How to Scrape any Website and Extract MetaTags Using JavaScript

·

6 min read

How to Scrape any Website and Extract MetaTags Using JavaScript

Scraper API provides a proxy service designed for web scraping. With over 20 million residential IPs across 12 countries, as well as software that can handle JavaScript rendering and solving CAPTCHAs, you can quickly complete large scraping jobs without ever having to worry about being blocked by any servers. We can use the power of ScraperAPI to extract Metatags such as Title, Description, Keywords, Open Graph Images links, etc. from any website, without dealing with any IP blocks and CAPTCHAs. ScrapperAPI handles it beautifully.

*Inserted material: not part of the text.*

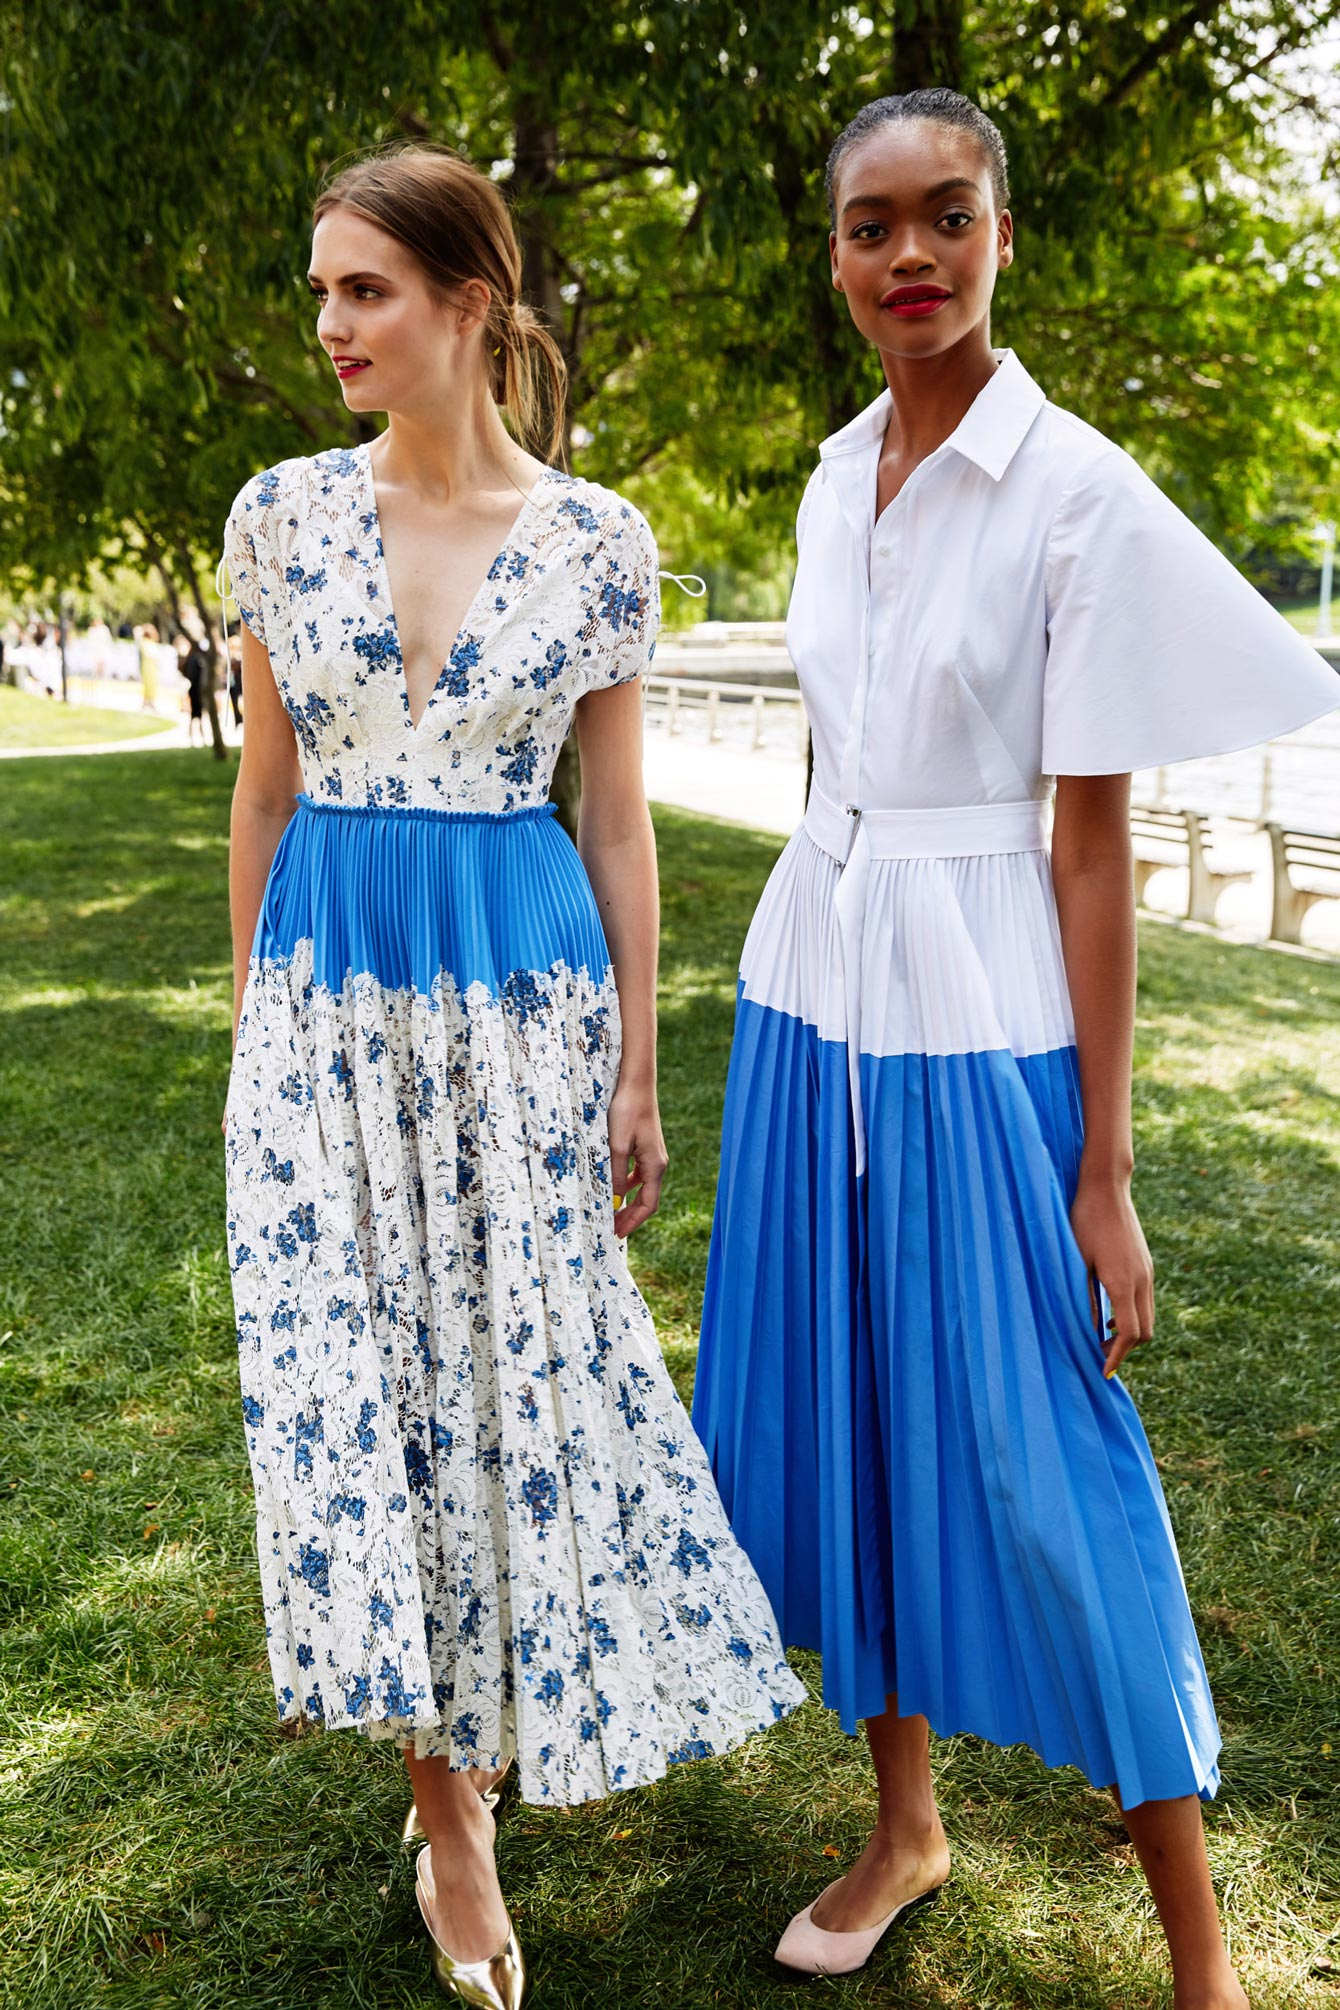 Lela Rose Blue White Pleated Dress

Implementation is extremely simple, and ScraperAPI offers unlimited bandwidth. Proxies are automatically rotated, but users can choose to maintain sessions if required. All you need to do is call the API with the URL that you want to scrape, and it will return the raw HTML. With Scraper API, you just focus on parsing the data, and they’ll handle the rest. Once the data is parsed, we will use the metascraper library to easily scrape Metatags from any website using Open Graph, JSON+LD, regular HTML Metatags, and a series of fallbacks.

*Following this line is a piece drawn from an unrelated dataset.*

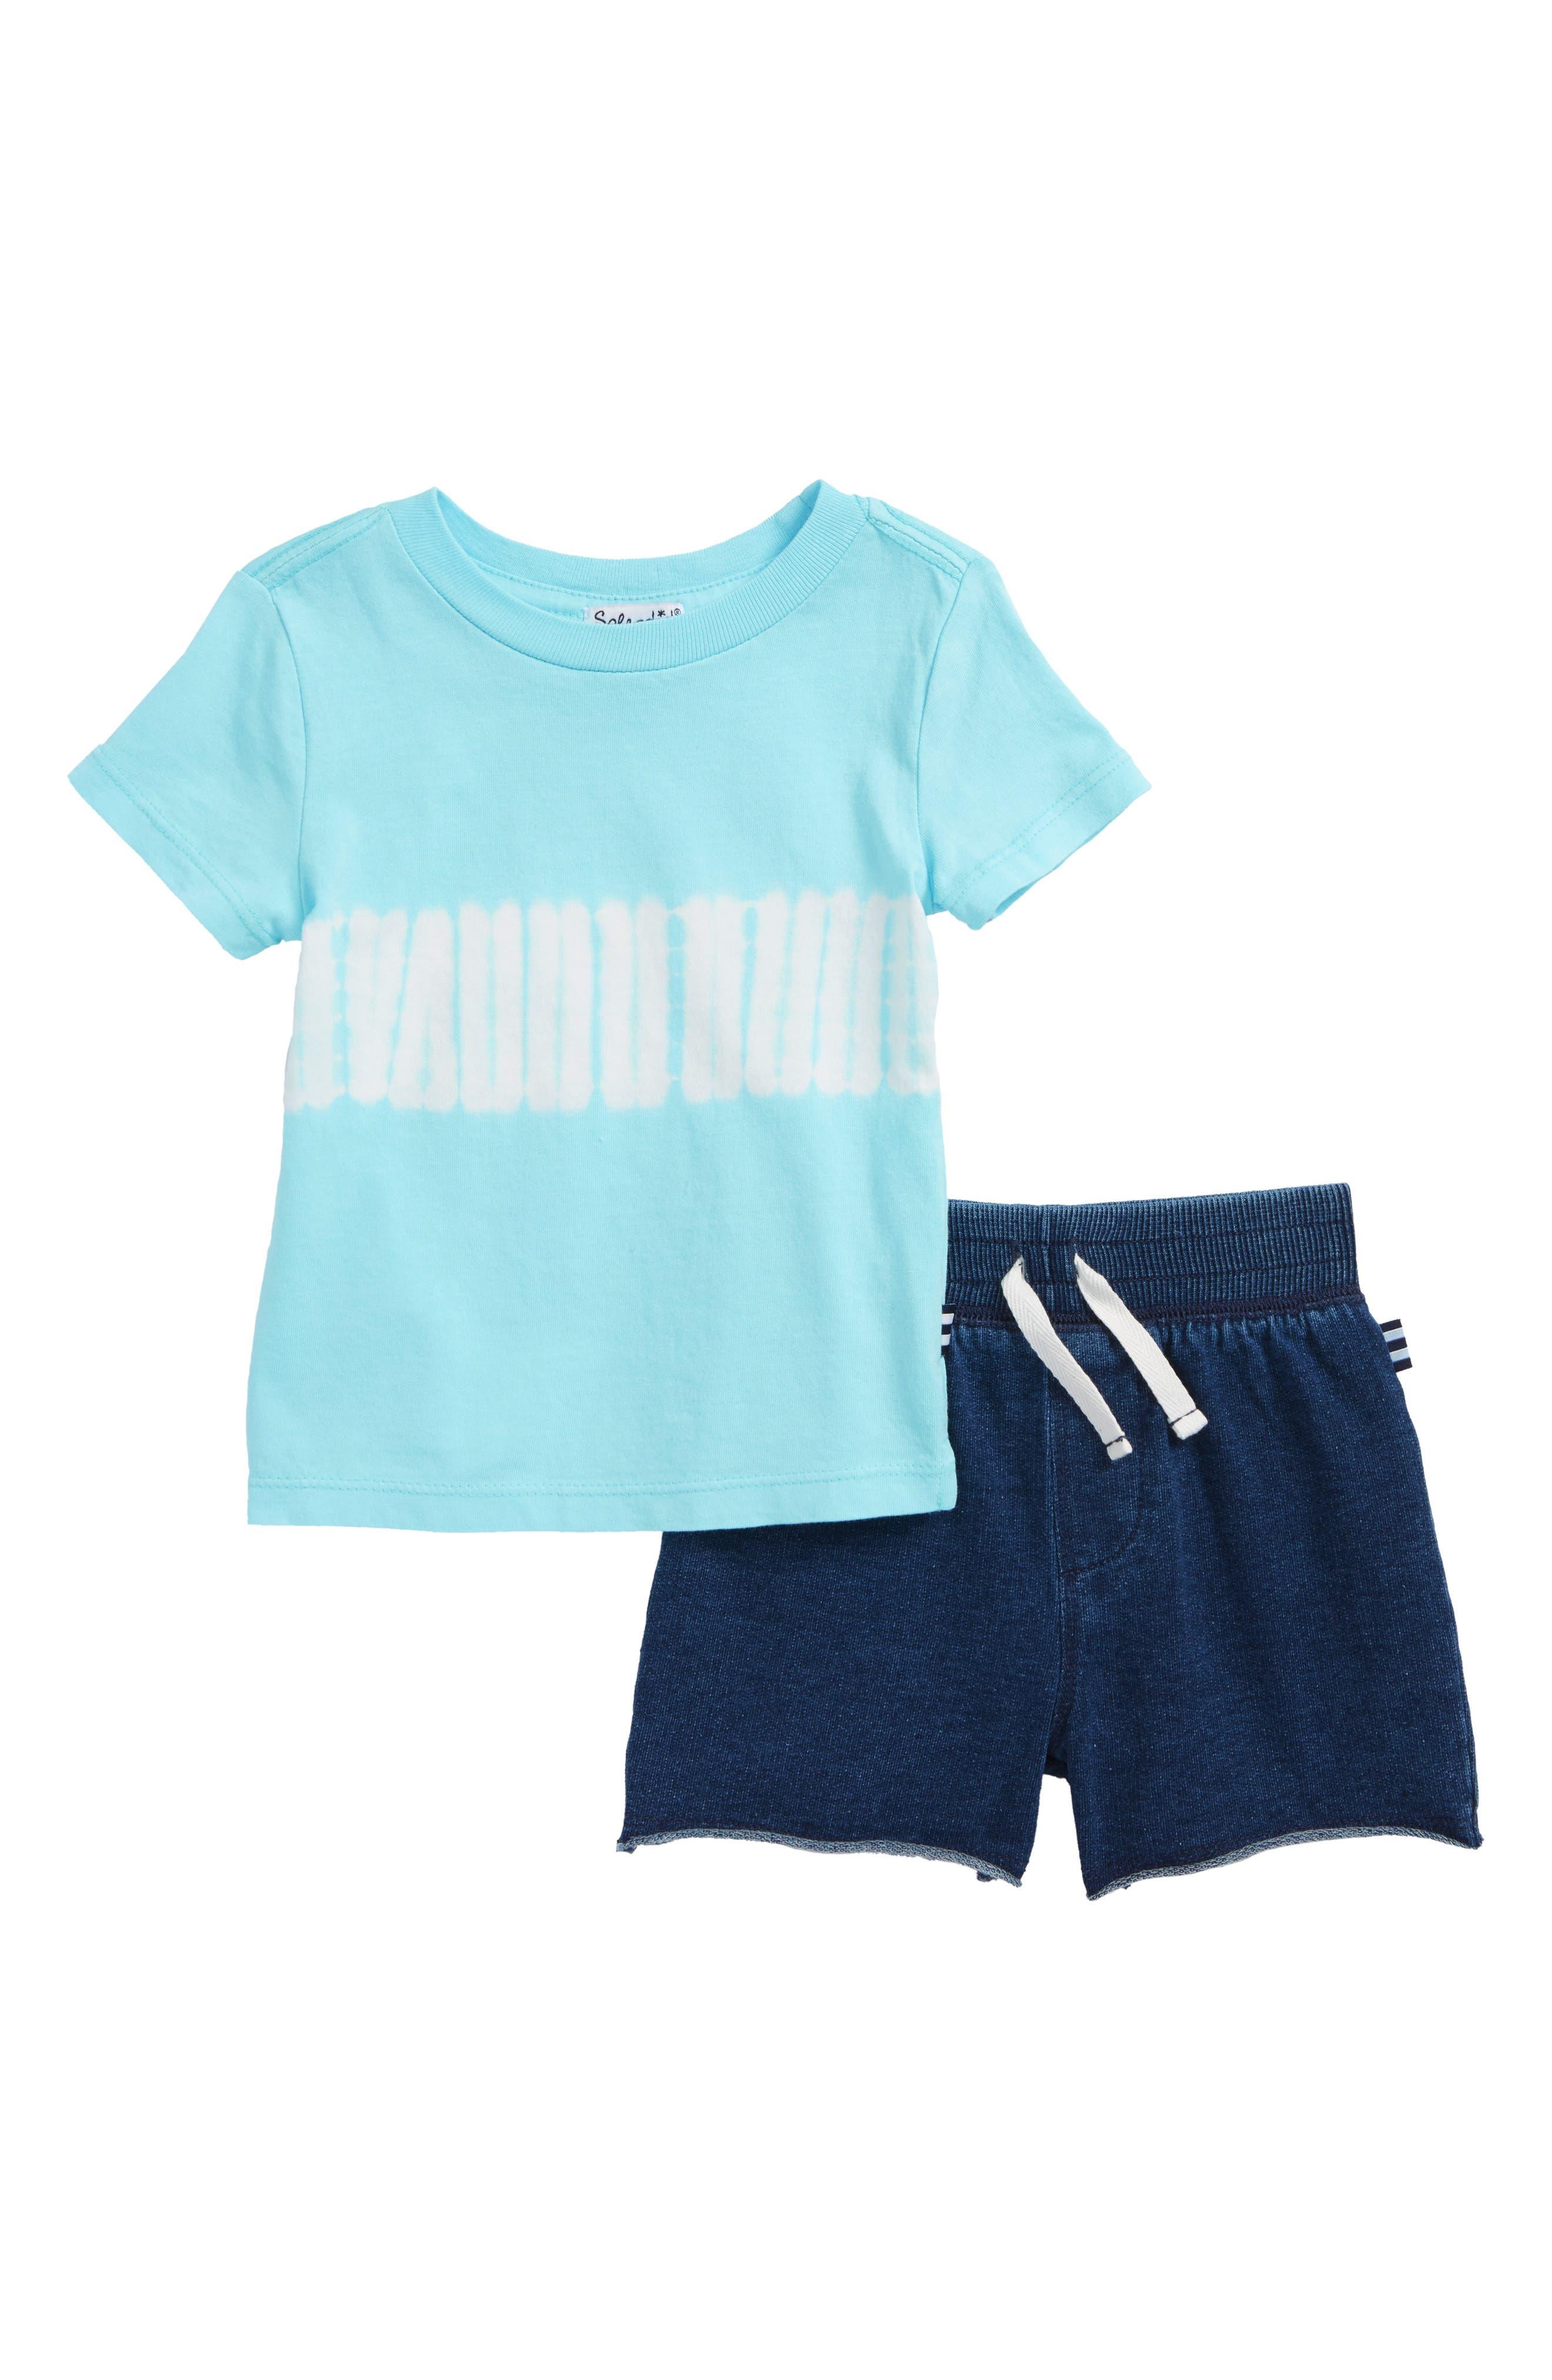 Tie Dye T-Shirt & Shorts Set,                             Main thumbnail 1, color,                             Aqua Haze

The steps that we are following for metatags extractions:

  • Use ScraperAPI to scrape a website.
  • Use metascraper library to extract metatags.

Having built many web scrapers, we repeatedly went through the tiresome process of finding proxies, setting up headless browsers, and handling CAPTCHAs. That's why we decided to start Scraper API, it handles all of this for you so you can scrape any page with a simple API call!

— ScrapperAPI Story
As per data, they have handled 5 billion API requests per month for over 1,500 businesses and developers around the world

Implementation

When you sign up for Scraper API you are given an access key. All you need to do is call the API with your key and the URL that you want to scrape, and you will receive the raw HTML of the page as a result. It’s as simple as:

curl "https://api.scraperapi.com?api_key=XYZ&url=https://metascraper.js.org"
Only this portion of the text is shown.